Die Beklagte hat zwar nach § 1a S. 1 AEntG aF als Unternehmer, der einen anderen Unternehmer mit der Erbringung von Bauleistungen beauftragt hat, wie ein Bürge zu haften, der auf die Einrede der Vorausklage verzichtet hat. Durch den Verzicht auf die Einrede der Vorausklage nach § 773 Abs. 1 Nr. 1 BGB wird jedoch nur die Subsidiarität der Bürgenhaftung aufgehoben, nicht deren Akzessorietät.
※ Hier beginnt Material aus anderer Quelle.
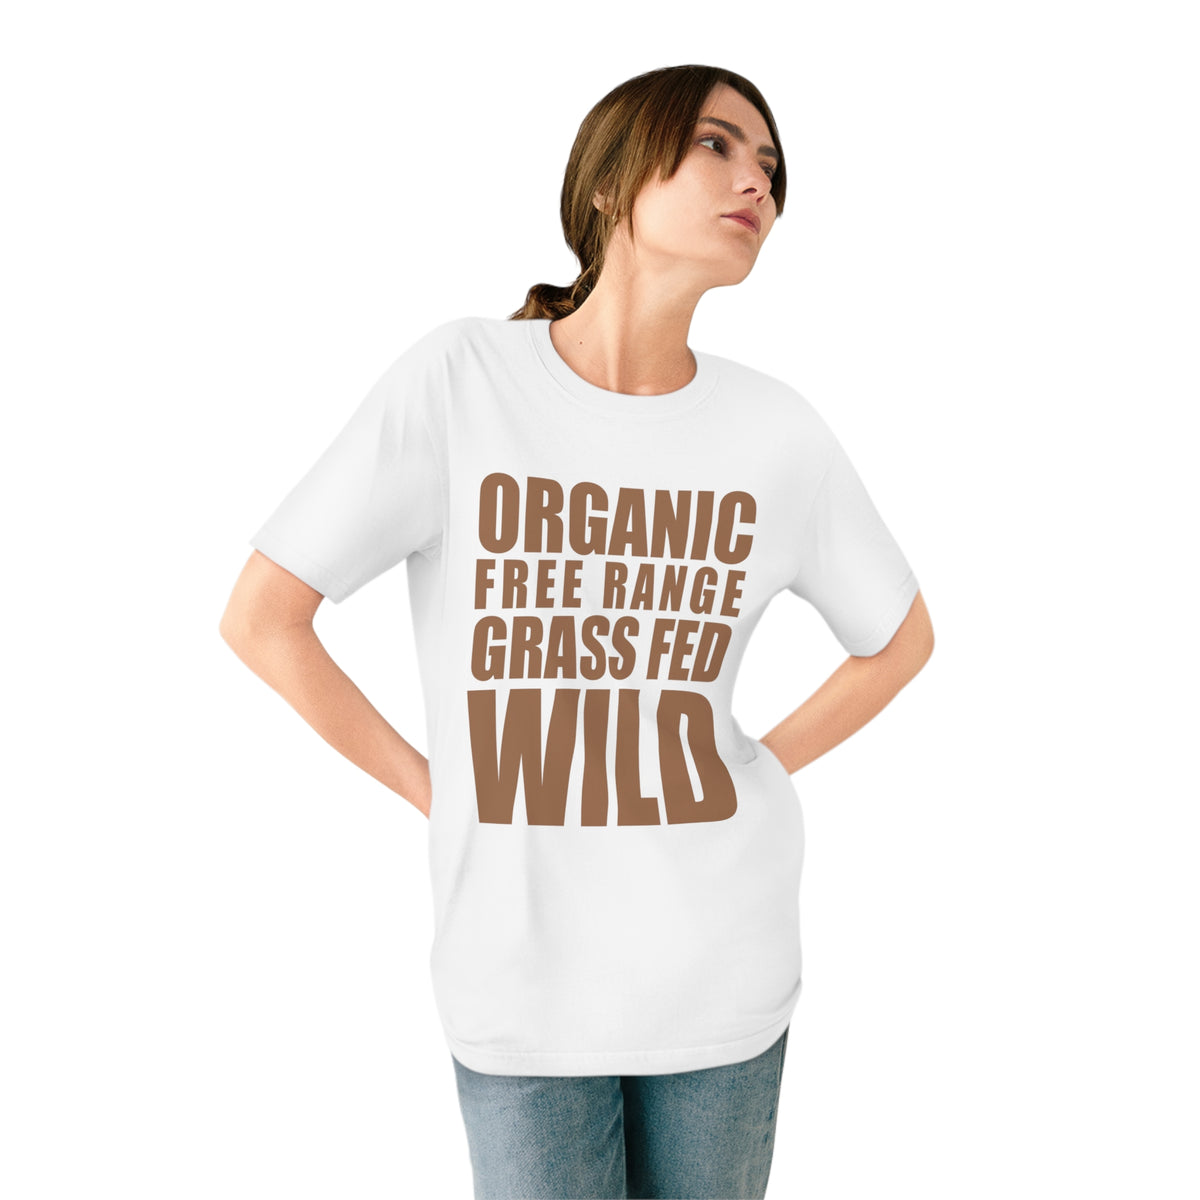 Organic, Free Range, Grass-fed & Wild (organic)
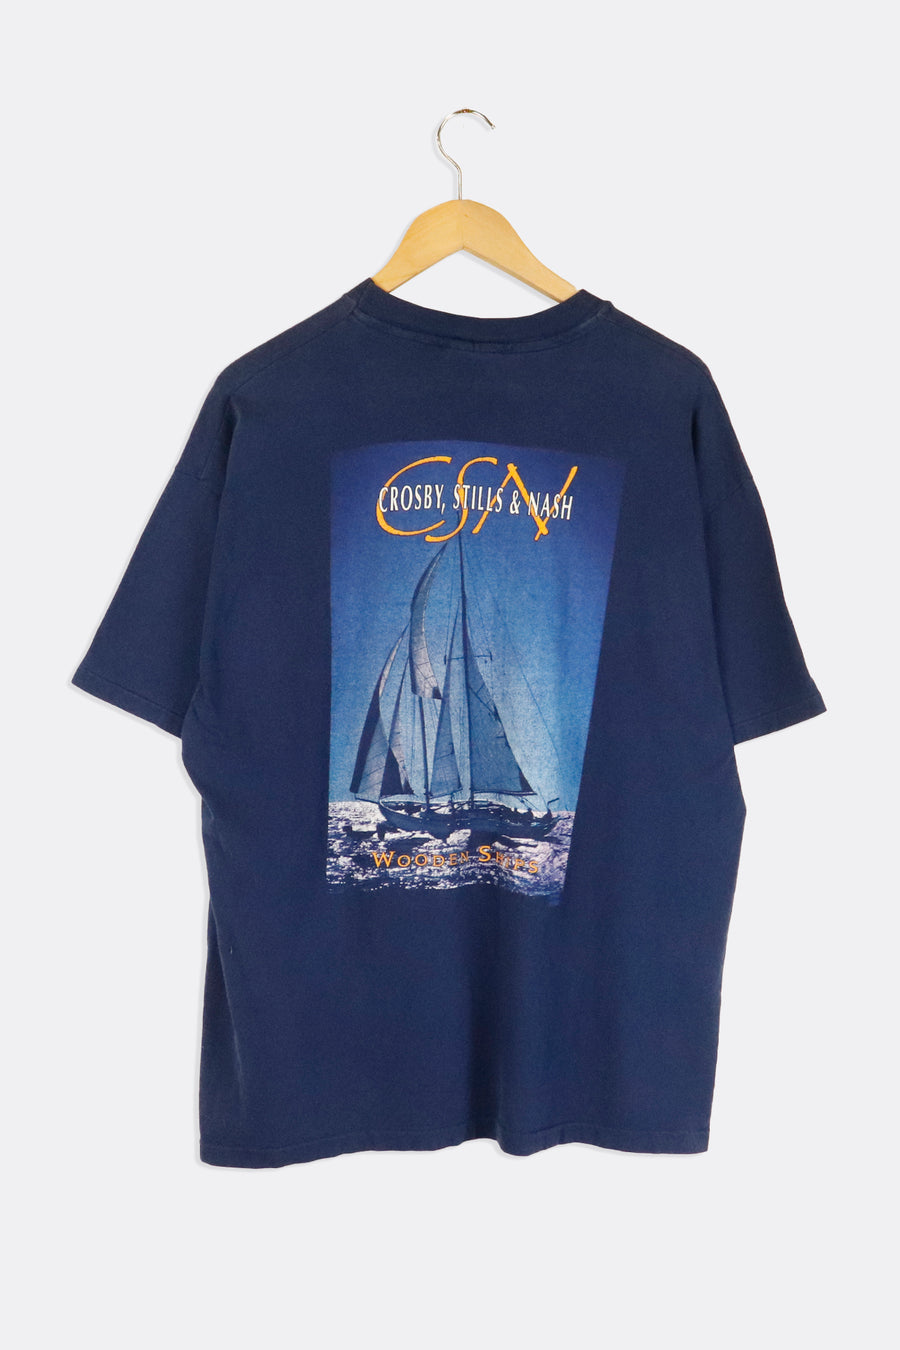 Vintage Crosby Stills And Nash Wooden Ships Album Cover And Lyrics T Shirt Sz XL

Der Bürge kann Einreden gegen die Hauptschuld erheben (§ 768 BGB) und insbesondere die Verjährung der Hauptschuld geltend machen (BGH Urteil vom 12. März 1980 – VIII ZR 115/79 – NJW 1980, 1460; BGH Urteil vom 28. Januar 2003 – XI ZR 243/02 – NJW 2003, 1250; Palandt, 73. Aufl., § 773 Rz. 2).

2.

23

Die – insoweit unterstellte – Beitragsschuld der B für die Zeitspanne von Oktober 2007 bis Februar 2008 ist verjährt gemäß § 21 Abs. 4 VTV (in den bis 31. Dezember 2009 geltenden Fassungen des Tarifvertrags: § 25 Abs. 4 VTV; in den bis 30. Juni 2013 geltenden Fassungen des Tarifvertrags: § 24 Abs. 4 VTV).
24

Geht man davon aus, dass auch die Verjährungsfrist gegenüber der B nicht im Jahr 2008, sondern erst im Jahr 2009 gem. § 199 Abs. 1 BGB (vgl. BAG Urteil vom 25. November 2009 – 10 AZR 737/08 – NZA 2010,518, Rz. 34) zu laufen begann, weil erst dann der Umfang der Schwarzarbeit feststand, so ist spätestens mit Ablauf des 31. Dezember 2013 Verjährung eingetreten. Es ist unstreitig, dass der Kläger gegen die B keine Klage erhoben hat. Der Kläger hat geltend gemacht, dies sei nicht erforderlich. Dabei ist nicht erheblich, dass der Kläger die Bürgenschuld rechtzeitig geltend gemacht hat. Der Bürge kann sich auf die Verjährung der Hauptforderung auch dann berufen, wenn die Bürgschaftsklage vor Vollendung dieser Verjährung erhoben wurde, dies gilt auch bei einer selbstschuldnerischen Bürgschaft (BGH Urteil vom 12. März 1980 – VIII ZR 115/79 – NJW 1980, 1460, Rz. 15 f.). Nach dem Grundsatz der Akzessorietät haftet die Beklagte gemäß § 768 Abs. 1 BGB zumindest seit dem 01. Januar 2014 nicht mehr. Die Klage ist daher auf die Berufung abzuweisen.

III.

25

Der Kläger hat die Kosten des Rechtsstreits zu tragen, § 91 Abs. 1 ZPO.
26

Die Zulassung der Revision nach § 72 Abs. 2 ArbGG ist nicht begründet.